HIPAA Security Rule Violations Lead to $25,000 Settlement between Clinical Laboratory & OCR

By Maria Perez

The Department of Health and Human Services’ Office for Civil Rights (OCR) says a $25,000 HIPAA settlement has been agreed with Peachstate Health Management, LLC, dba AEON Clinical Laboratories, that resolves a HIPAA case involving several HIPAA Security Rule violations.

CLIA-certified laboratory, Peachstate, supplies a variety of different services to HIPAA-covered entities, including clinical and genetic testing services through its publicly traded parent company, AEON Global Health Corporation (AGHC).

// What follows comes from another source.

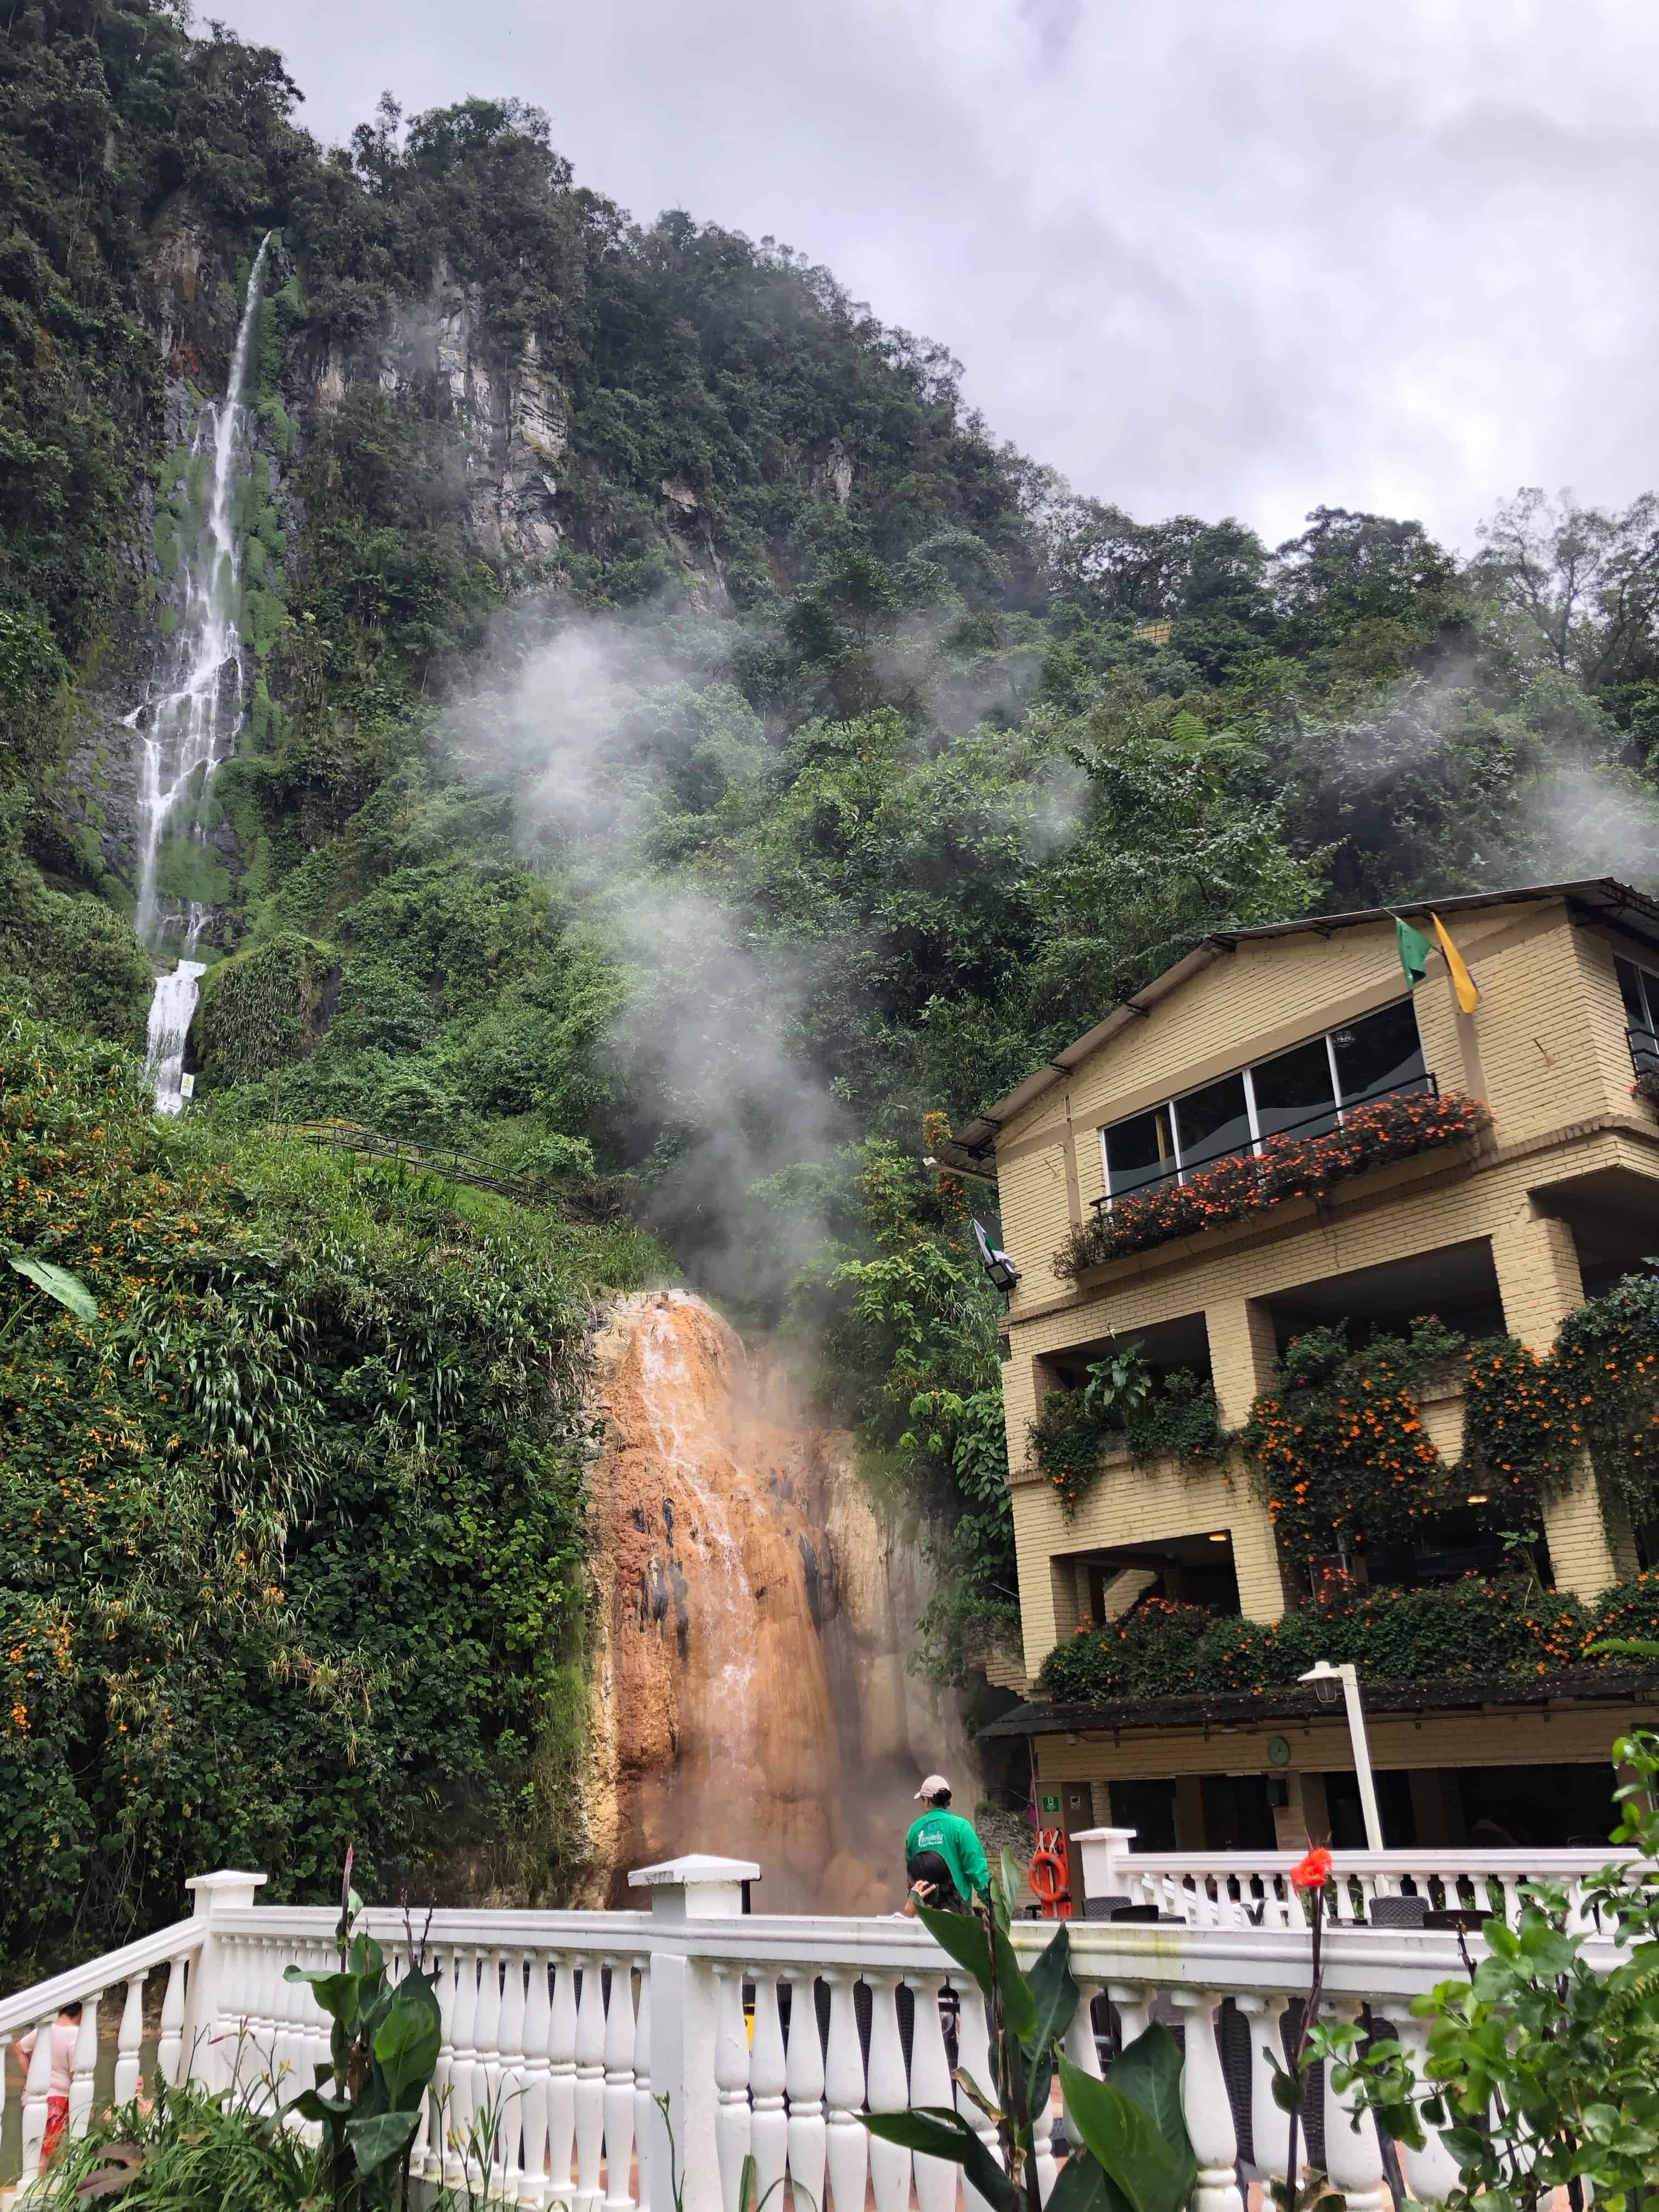 Looking up at the waterfall at Termales Hotel
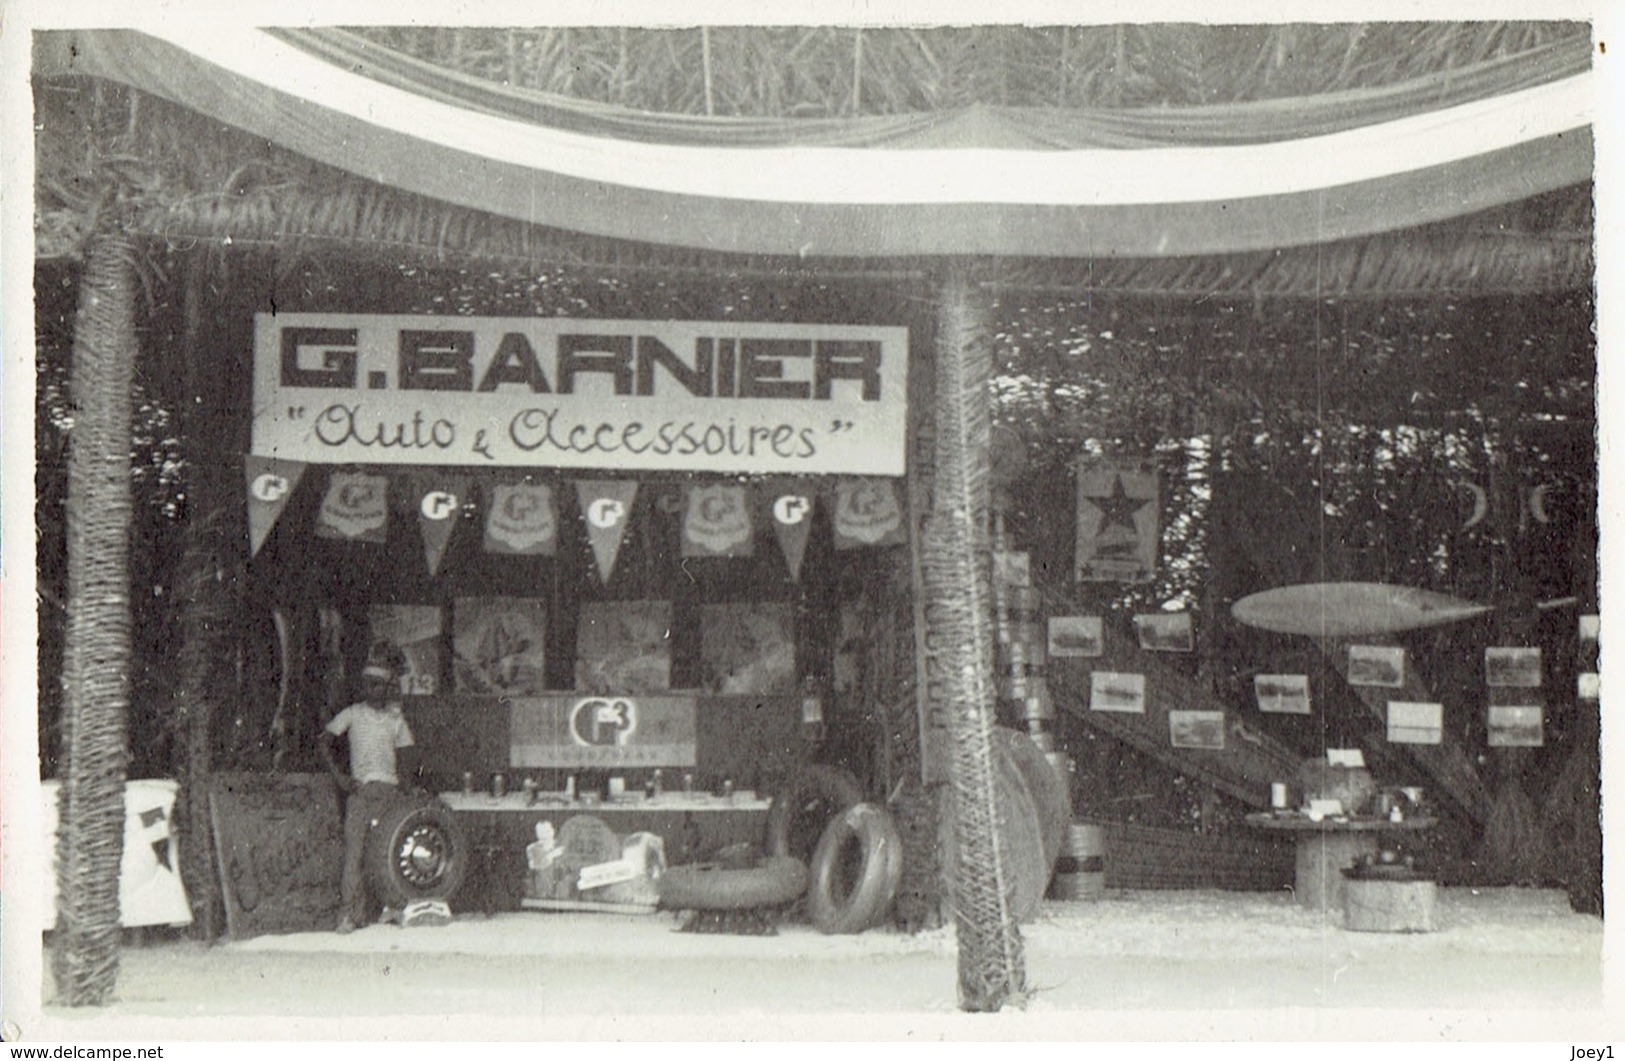 Photo Brazzaville En 1933 Salon Auto,stand Du Garage Barnier. - Afrika

Speaking about the breach, Robinsue Frohboese, Acting OCR Director said: “Clinical laboratories, like other covered health care providers, must comply with the HIPAA Security Rule. The failure to implement basic Security Rule requirements makes HIPAA regulated entities attractive targets for malicious activity, and needlessly risks patients’ electronic health information. This settlement reiterates OCR’s commitment to ensuring compliance with rules that protect the privacy and security of protected health information.”

OCR initiated a review into a breach on August 31, 2016 that was reported by the U.S. Department of Veterans Affairs (VA) on January 7, 2015. The breach involved the group’s business associate, Authentidate Holding Corporation (AHC). The VA had hired AHC to oversee the VA’s Telehealth Services Program.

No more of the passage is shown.